What to do: Only the lines from the start of the entries up to and including the line with "Purchasing Marijuana Seeds in South Carolina" should be written out, exactly as they stand.

'''

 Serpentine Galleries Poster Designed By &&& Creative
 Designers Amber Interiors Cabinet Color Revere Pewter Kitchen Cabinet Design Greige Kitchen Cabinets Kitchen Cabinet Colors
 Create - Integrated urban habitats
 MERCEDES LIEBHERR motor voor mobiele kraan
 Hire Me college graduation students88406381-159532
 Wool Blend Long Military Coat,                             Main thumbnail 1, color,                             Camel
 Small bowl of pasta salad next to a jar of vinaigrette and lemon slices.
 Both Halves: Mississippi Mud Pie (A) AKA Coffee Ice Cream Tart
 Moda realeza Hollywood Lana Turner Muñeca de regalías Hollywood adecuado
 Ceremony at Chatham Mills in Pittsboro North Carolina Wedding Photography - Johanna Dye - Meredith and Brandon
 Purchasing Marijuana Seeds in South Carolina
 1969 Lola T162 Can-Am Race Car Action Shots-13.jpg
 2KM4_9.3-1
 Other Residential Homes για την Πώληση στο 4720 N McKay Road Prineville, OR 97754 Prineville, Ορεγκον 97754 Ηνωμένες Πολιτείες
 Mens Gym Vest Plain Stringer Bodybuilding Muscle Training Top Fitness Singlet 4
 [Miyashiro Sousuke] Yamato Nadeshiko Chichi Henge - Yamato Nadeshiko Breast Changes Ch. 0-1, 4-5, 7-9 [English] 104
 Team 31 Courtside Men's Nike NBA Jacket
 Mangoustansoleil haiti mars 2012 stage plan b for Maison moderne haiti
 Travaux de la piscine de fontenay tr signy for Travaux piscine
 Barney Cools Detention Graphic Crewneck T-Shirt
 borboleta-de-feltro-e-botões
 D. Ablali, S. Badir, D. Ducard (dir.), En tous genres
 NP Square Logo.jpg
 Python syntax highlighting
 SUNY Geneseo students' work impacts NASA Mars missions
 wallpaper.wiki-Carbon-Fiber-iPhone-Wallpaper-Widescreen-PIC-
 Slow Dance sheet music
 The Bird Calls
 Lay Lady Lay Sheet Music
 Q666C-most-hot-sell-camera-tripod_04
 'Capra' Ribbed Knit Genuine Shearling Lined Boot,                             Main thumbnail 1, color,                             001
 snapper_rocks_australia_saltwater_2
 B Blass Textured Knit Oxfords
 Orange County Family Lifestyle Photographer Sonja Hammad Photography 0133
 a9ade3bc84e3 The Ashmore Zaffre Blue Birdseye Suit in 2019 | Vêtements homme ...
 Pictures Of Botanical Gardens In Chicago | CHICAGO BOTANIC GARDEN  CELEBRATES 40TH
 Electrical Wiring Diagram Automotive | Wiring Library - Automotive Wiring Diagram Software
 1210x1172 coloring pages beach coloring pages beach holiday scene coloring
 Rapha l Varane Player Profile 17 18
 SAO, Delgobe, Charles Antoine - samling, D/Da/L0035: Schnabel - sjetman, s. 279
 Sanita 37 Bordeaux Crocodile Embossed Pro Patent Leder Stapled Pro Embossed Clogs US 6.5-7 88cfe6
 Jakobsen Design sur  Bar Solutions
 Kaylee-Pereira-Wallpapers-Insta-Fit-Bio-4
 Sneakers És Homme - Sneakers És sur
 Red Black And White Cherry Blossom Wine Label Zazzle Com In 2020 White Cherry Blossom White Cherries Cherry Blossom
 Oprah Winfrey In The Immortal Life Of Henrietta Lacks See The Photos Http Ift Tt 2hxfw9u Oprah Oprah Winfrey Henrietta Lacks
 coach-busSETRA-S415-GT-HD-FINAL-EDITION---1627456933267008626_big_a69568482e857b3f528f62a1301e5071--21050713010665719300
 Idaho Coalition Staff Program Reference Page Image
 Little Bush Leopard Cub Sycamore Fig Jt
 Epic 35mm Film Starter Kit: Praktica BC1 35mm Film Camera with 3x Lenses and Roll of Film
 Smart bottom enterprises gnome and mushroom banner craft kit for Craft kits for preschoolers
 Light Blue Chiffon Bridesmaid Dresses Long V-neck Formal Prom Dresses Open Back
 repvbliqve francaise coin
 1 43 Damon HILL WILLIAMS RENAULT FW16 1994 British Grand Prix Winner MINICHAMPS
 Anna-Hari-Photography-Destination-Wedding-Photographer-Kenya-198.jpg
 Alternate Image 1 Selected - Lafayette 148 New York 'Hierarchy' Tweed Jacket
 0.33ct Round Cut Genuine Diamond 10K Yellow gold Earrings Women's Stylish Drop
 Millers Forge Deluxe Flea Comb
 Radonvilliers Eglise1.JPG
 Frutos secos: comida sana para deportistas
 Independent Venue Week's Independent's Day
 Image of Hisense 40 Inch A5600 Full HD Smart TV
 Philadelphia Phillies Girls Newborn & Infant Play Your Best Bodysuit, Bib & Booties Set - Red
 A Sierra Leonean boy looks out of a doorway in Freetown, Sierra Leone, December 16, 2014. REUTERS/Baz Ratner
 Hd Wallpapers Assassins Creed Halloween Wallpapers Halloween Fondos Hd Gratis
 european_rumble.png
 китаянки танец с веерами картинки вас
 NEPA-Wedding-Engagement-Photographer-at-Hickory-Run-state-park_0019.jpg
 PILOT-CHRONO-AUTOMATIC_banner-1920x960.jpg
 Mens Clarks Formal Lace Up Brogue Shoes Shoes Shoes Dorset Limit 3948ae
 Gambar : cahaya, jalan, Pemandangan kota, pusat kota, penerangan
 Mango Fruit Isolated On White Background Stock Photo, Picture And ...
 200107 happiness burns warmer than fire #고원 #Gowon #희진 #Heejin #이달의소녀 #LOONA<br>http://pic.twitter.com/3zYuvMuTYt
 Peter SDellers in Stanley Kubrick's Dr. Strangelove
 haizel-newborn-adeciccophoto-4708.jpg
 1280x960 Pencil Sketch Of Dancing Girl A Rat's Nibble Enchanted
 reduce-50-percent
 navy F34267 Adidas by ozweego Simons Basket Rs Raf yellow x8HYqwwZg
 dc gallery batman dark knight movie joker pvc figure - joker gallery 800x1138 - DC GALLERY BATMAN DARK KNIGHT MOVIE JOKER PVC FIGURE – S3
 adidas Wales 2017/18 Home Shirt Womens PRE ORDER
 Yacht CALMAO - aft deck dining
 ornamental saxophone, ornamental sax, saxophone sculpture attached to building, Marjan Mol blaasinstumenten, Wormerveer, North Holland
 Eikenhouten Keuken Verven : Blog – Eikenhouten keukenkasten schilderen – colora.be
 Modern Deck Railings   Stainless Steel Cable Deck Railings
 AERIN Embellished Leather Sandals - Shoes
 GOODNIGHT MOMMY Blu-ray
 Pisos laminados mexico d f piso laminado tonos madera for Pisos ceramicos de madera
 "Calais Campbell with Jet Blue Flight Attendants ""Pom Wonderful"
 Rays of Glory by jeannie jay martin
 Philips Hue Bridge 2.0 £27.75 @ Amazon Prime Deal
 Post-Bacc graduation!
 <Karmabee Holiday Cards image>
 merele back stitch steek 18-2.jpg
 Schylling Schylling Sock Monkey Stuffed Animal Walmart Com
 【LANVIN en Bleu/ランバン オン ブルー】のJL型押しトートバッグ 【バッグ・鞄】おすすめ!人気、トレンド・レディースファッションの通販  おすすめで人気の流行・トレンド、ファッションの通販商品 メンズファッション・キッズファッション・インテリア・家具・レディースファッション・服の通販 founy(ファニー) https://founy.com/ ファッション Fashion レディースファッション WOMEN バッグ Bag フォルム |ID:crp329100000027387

'''

Result of the exercise:
 Serpentine Galleries Poster Designed By &&& Creative
 Designers Amber Interiors Cabinet Color Revere Pewter Kitchen Cabinet Design Greige Kitchen Cabinets Kitchen Cabinet Colors
 Create - Integrated urban habitats
 MERCEDES LIEBHERR motor voor mobiele kraan
 Hire Me college graduation students88406381-159532
 Wool Blend Long Military Coat,                             Main thumbnail 1, color,                             Camel
 Small bowl of pasta salad next to a jar of vinaigrette and lemon slices.
 Both Halves: Mississippi Mud Pie (A) AKA Coffee Ice Cream Tart
 Moda realeza Hollywood Lana Turner Muñeca de regalías Hollywood adecuado
 Ceremony at Chatham Mills in Pittsboro North Carolina Wedding Photography - Johanna Dye - Meredith and Brandon
 Purchasing Marijuana Seeds in South Carolina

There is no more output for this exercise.